[What is needed]:
Below are records with pictures. Transcribe exactly, and only, the lines from the line with "s10 4 65w sin" to the line with "Pêcheurs au port de La Ciotat", both ends included, but not the pictures.

[Data for this exercise]:
↓

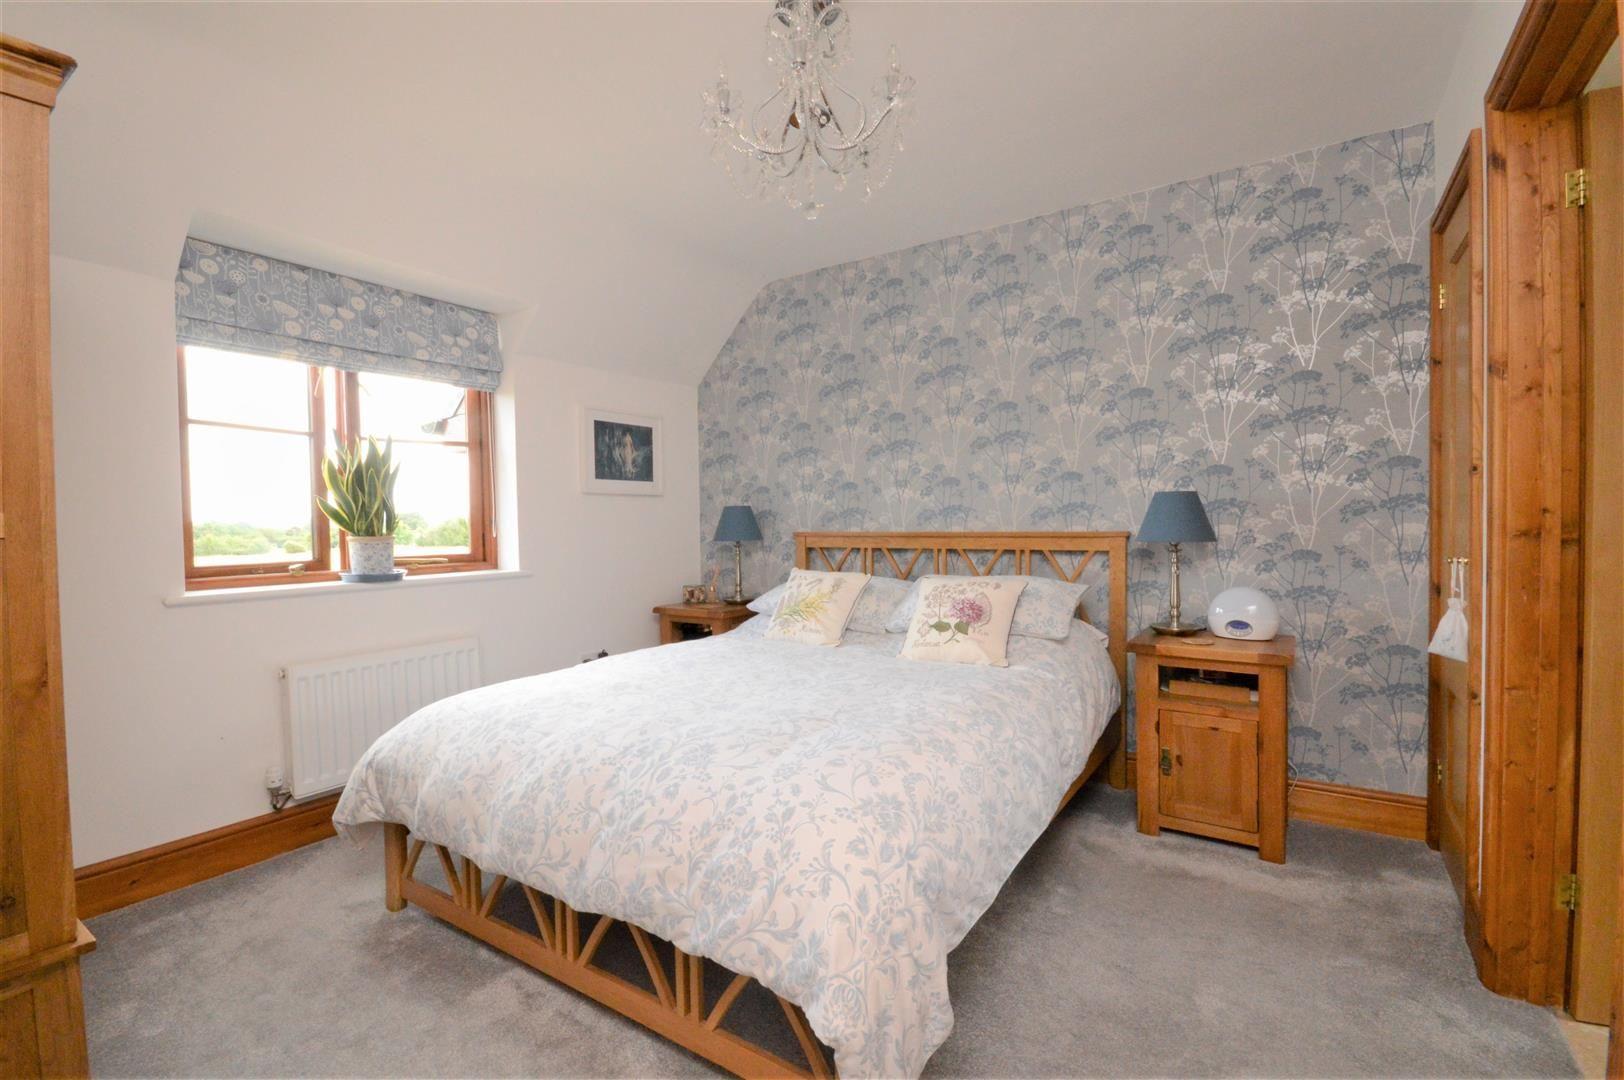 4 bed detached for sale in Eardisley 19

↑
↓

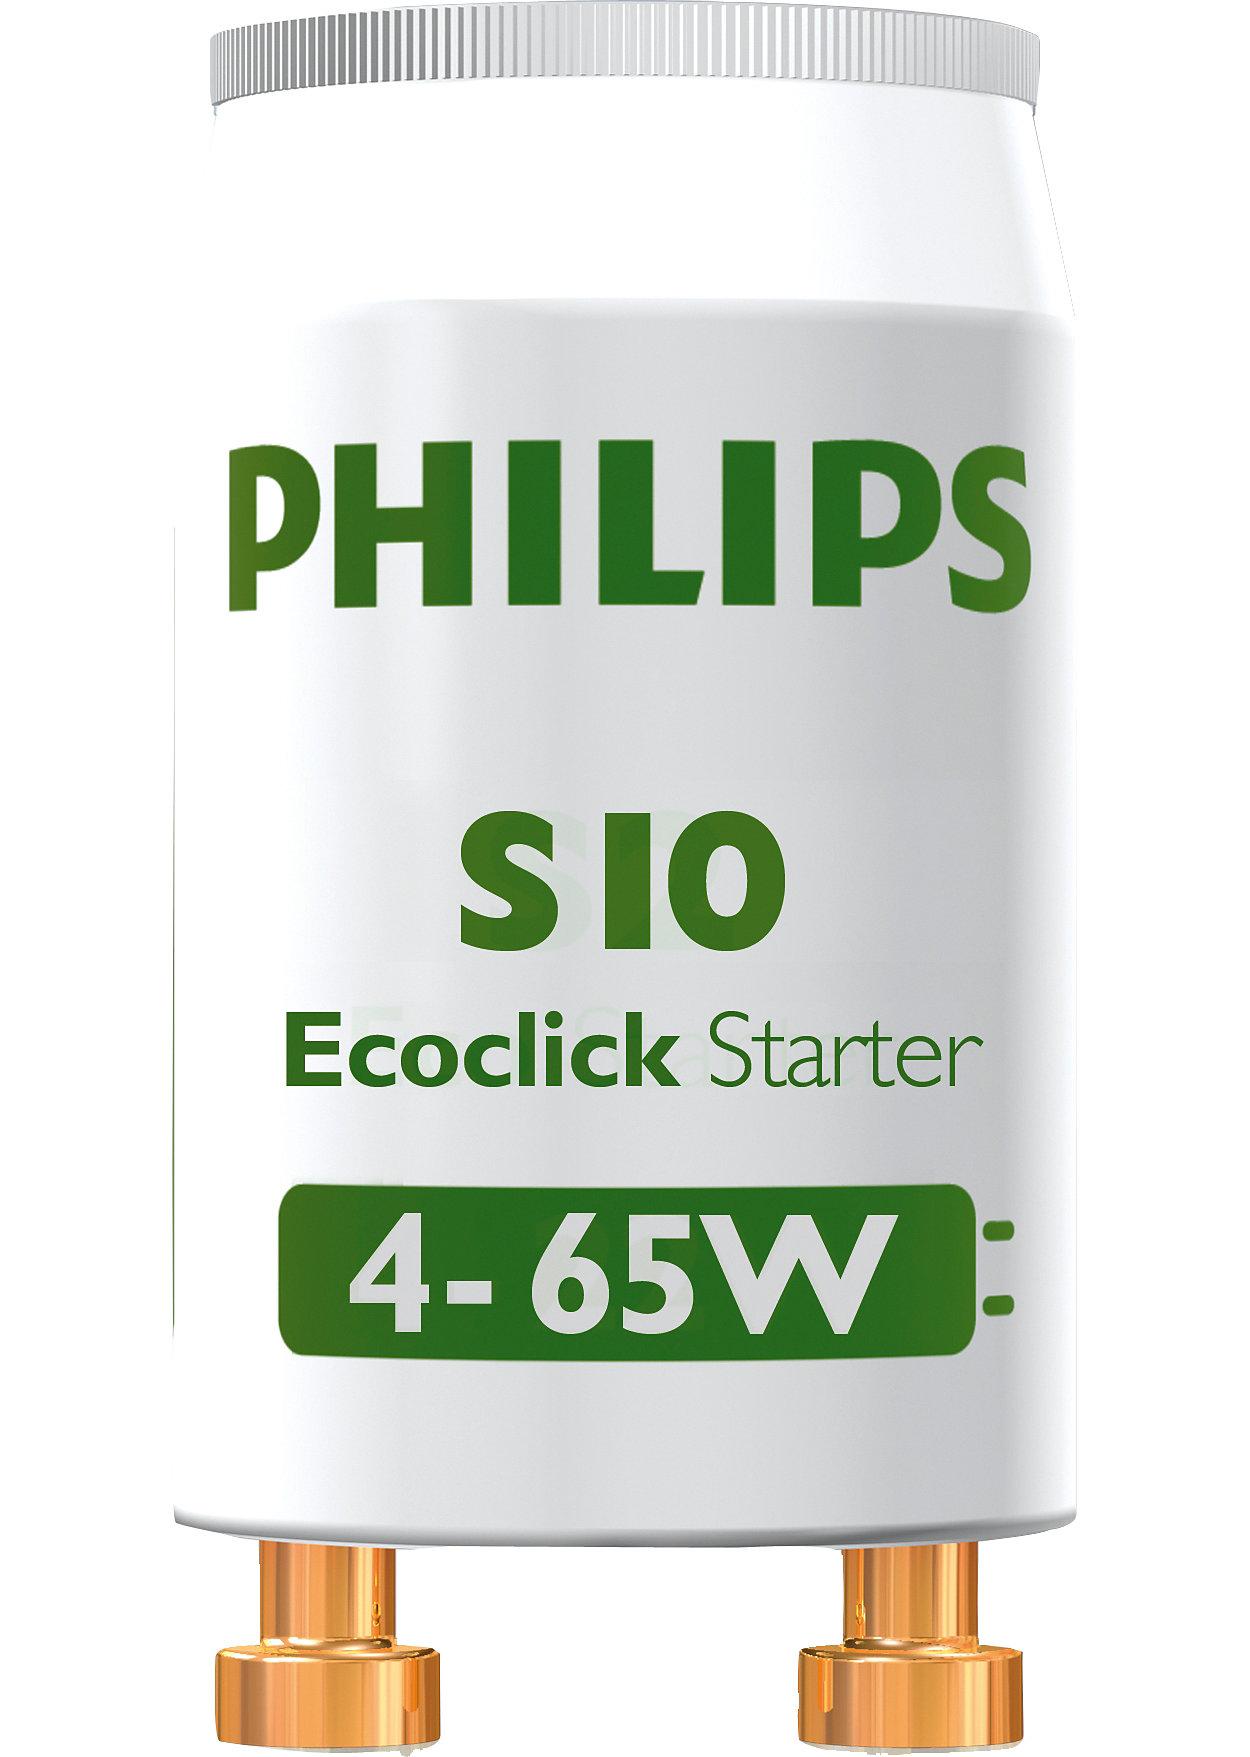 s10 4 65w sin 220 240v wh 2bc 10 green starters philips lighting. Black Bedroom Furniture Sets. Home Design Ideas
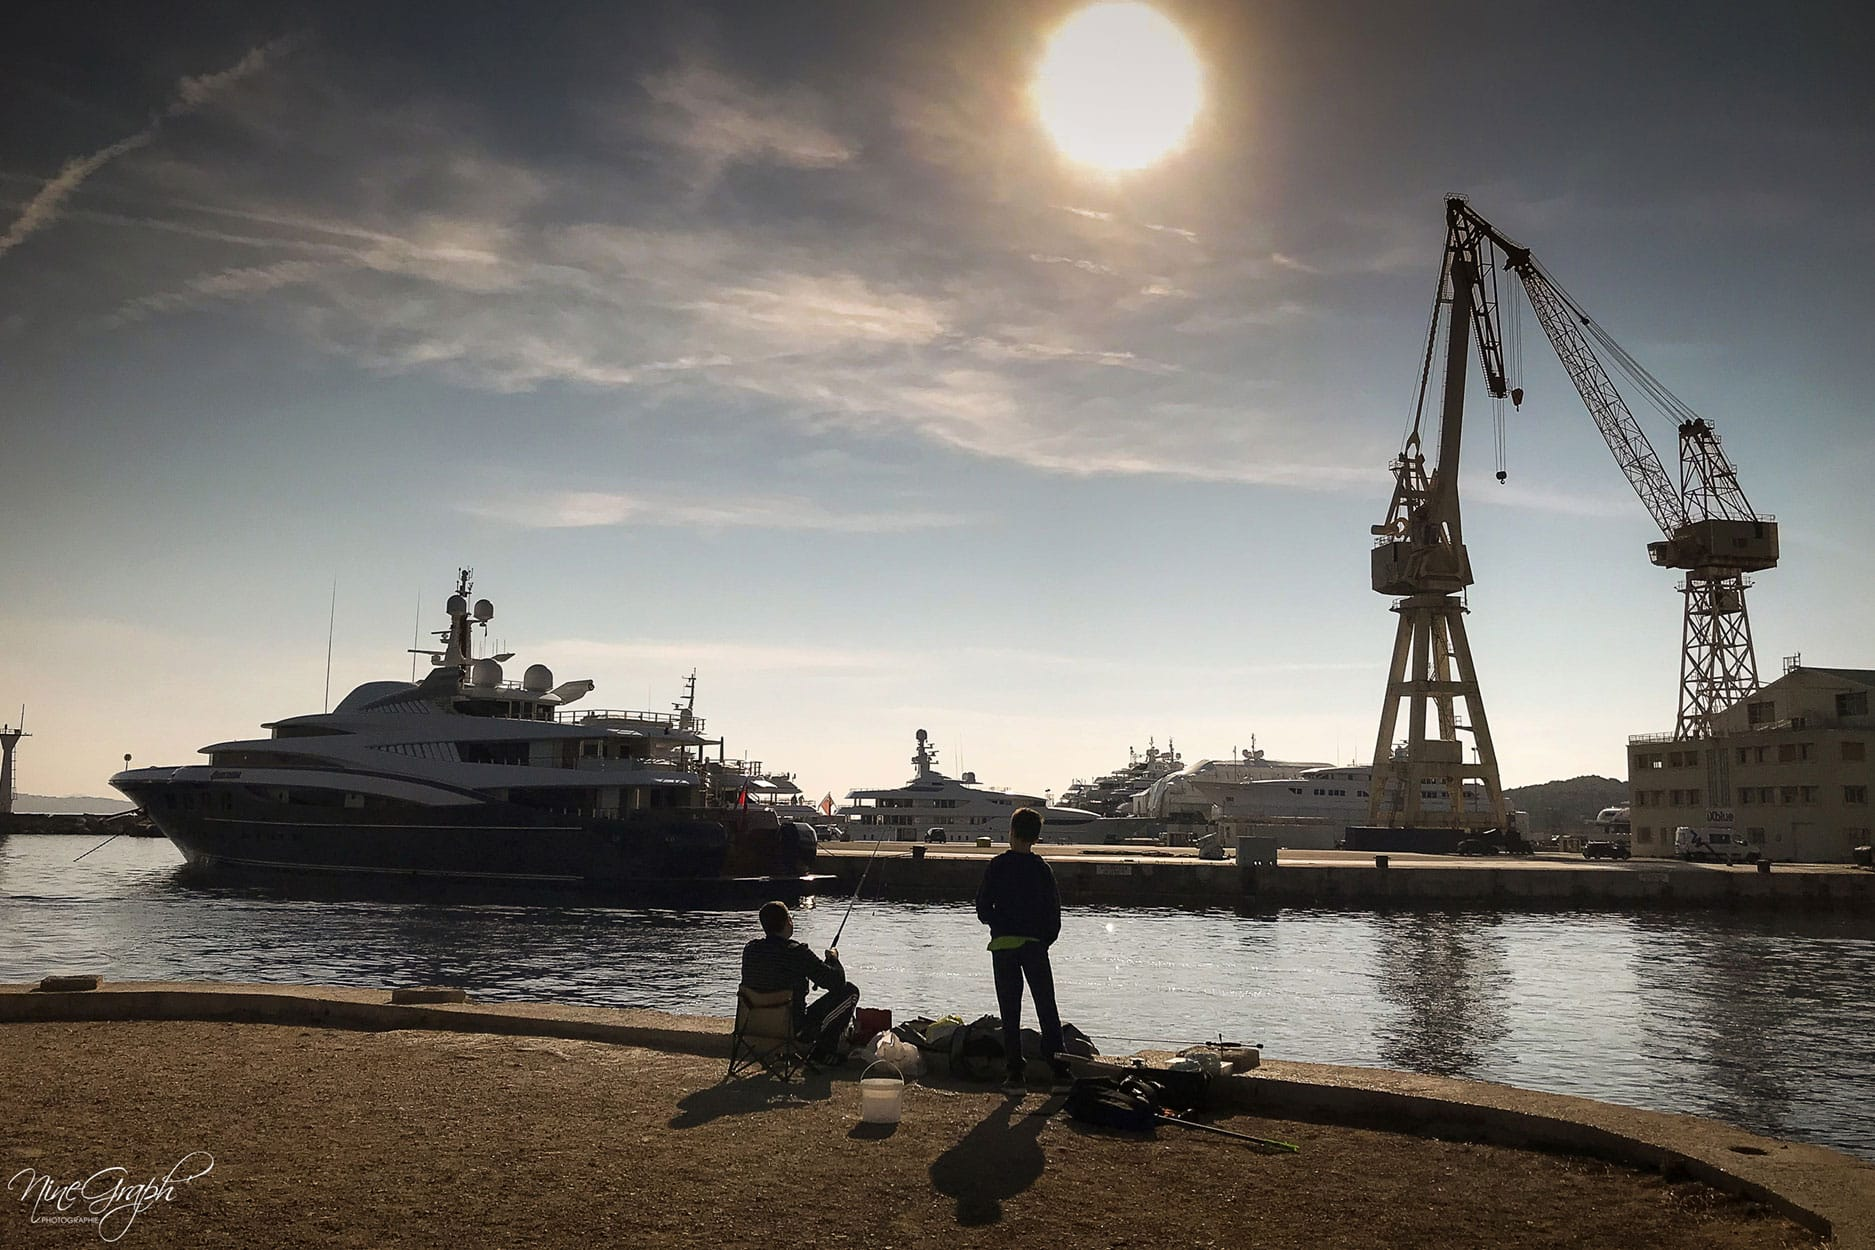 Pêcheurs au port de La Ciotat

↑
↓

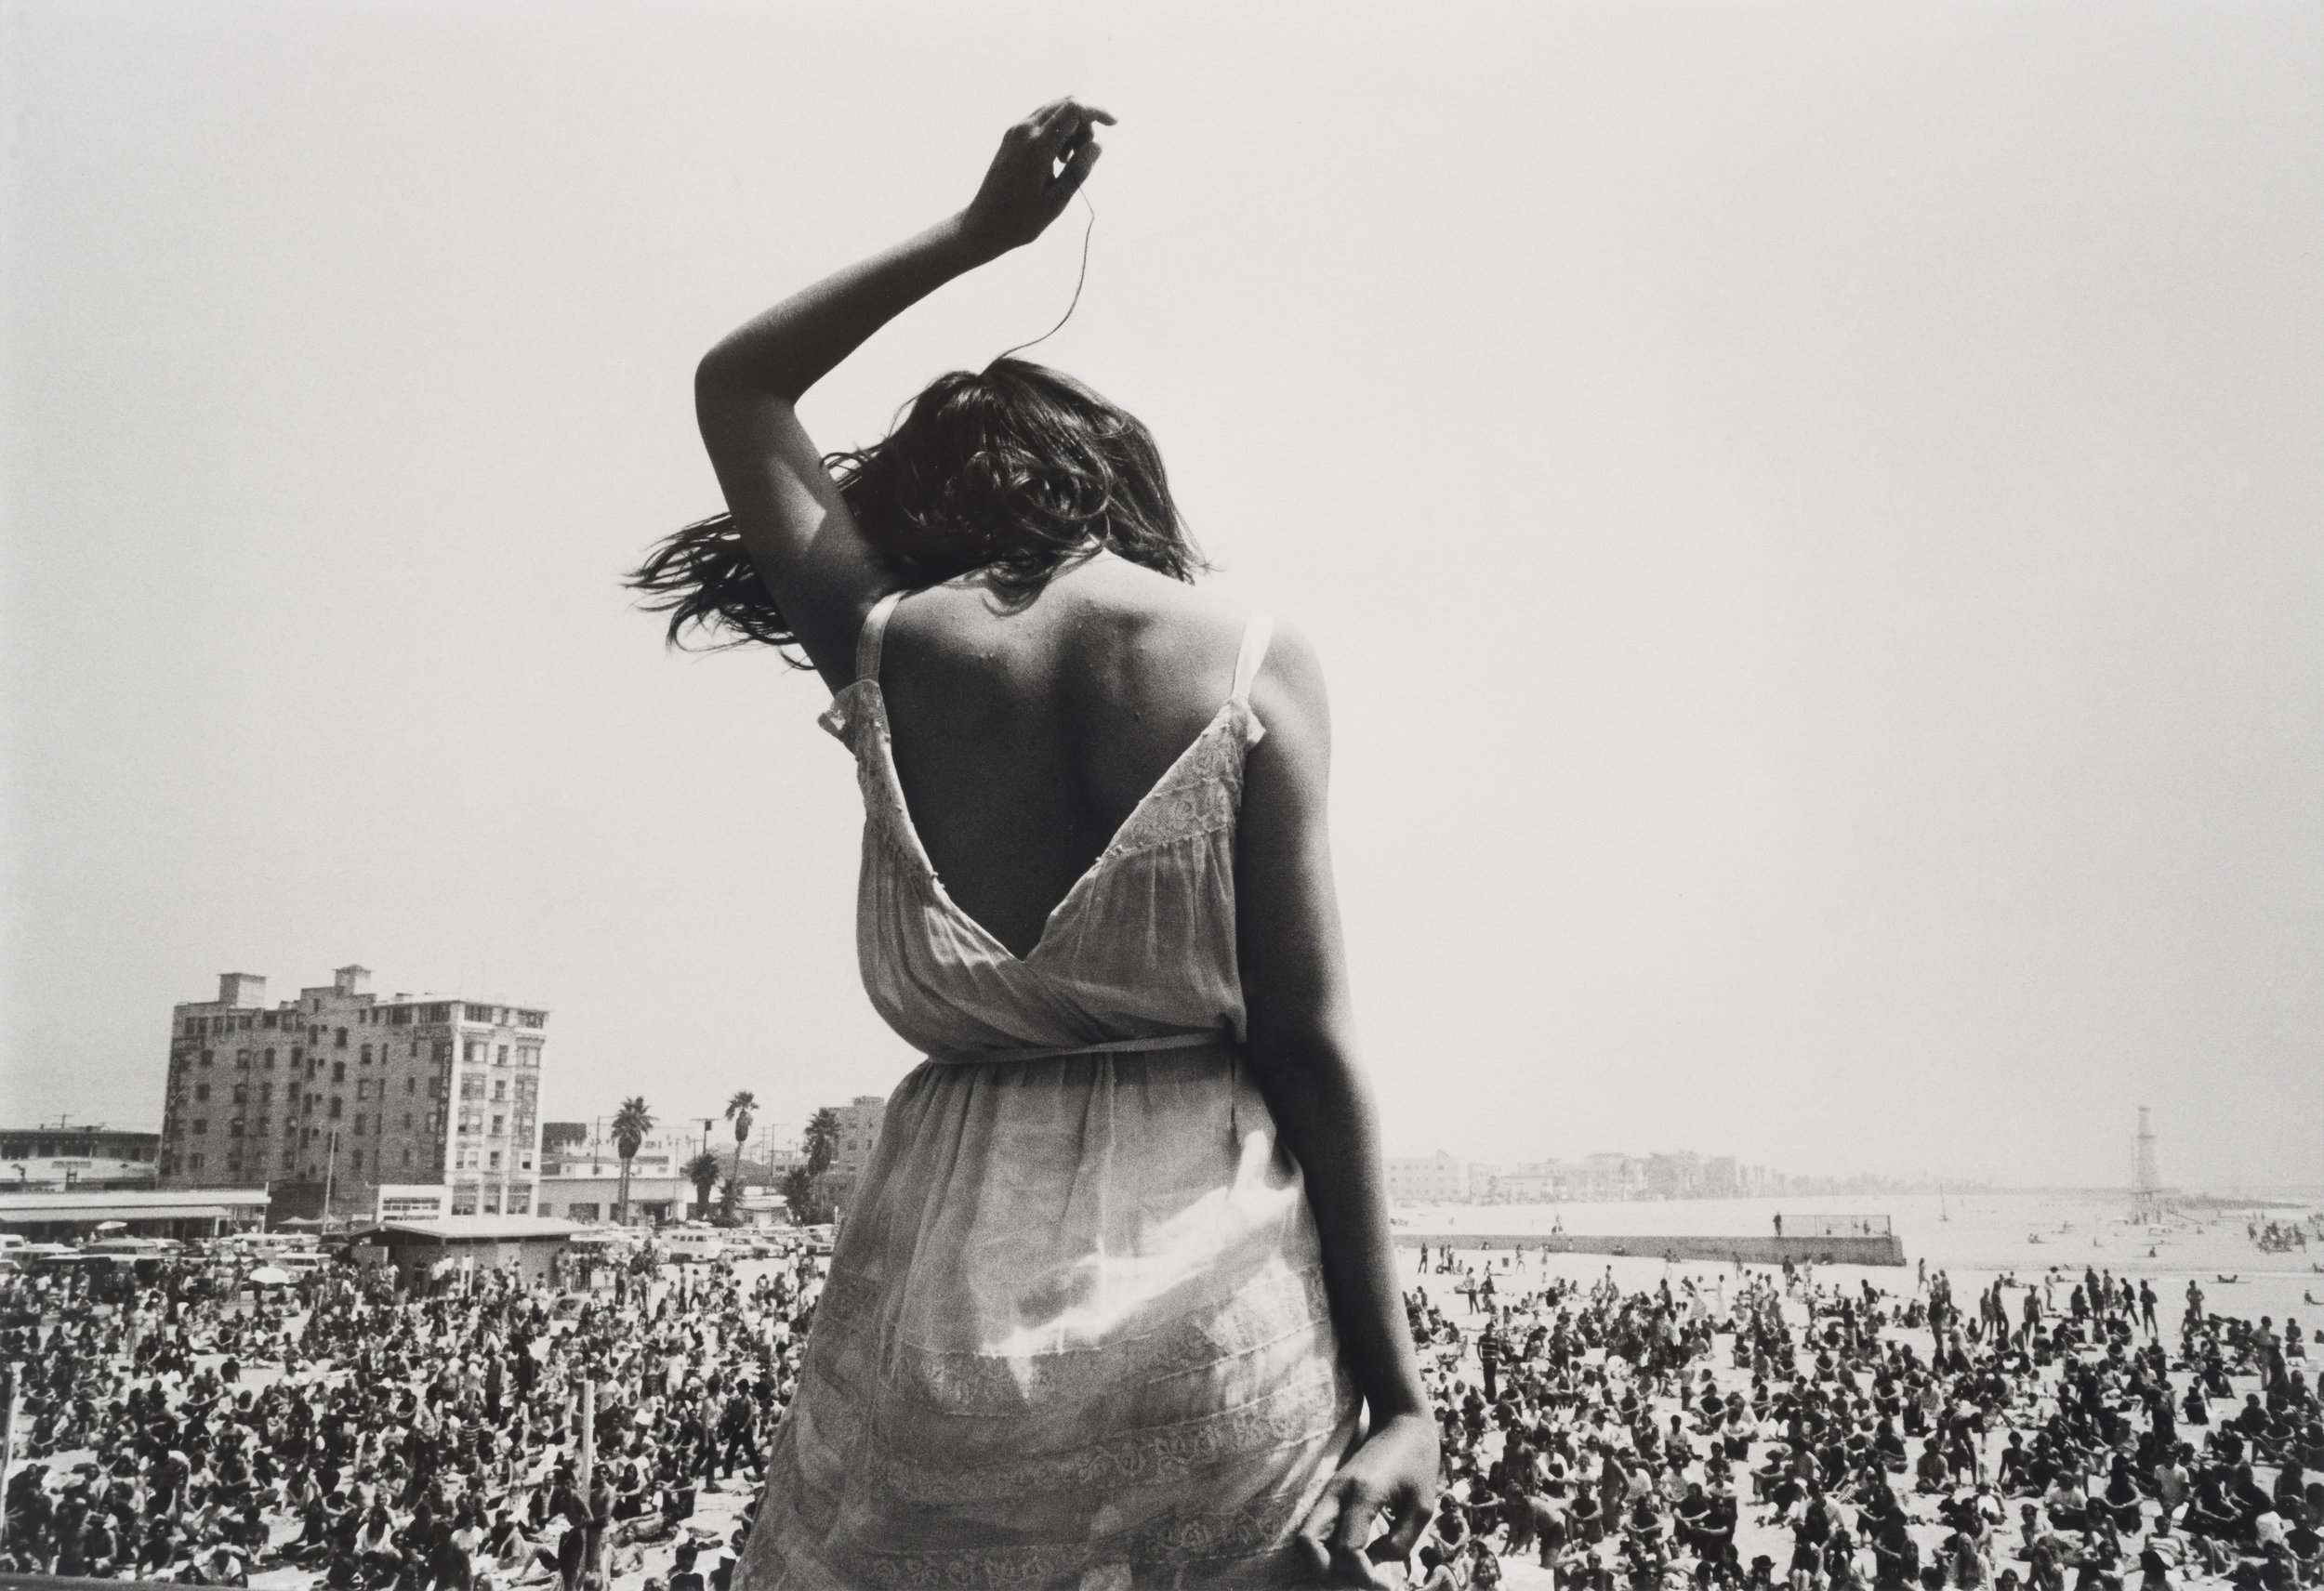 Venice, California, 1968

↑

[Solution to the problem]:
 s10 4 65w sin 220 240v wh 2bc 10 green starters philips lighting. Black Bedroom Furniture Sets. Home Design Ideas
 Pêcheurs au port de La Ciotat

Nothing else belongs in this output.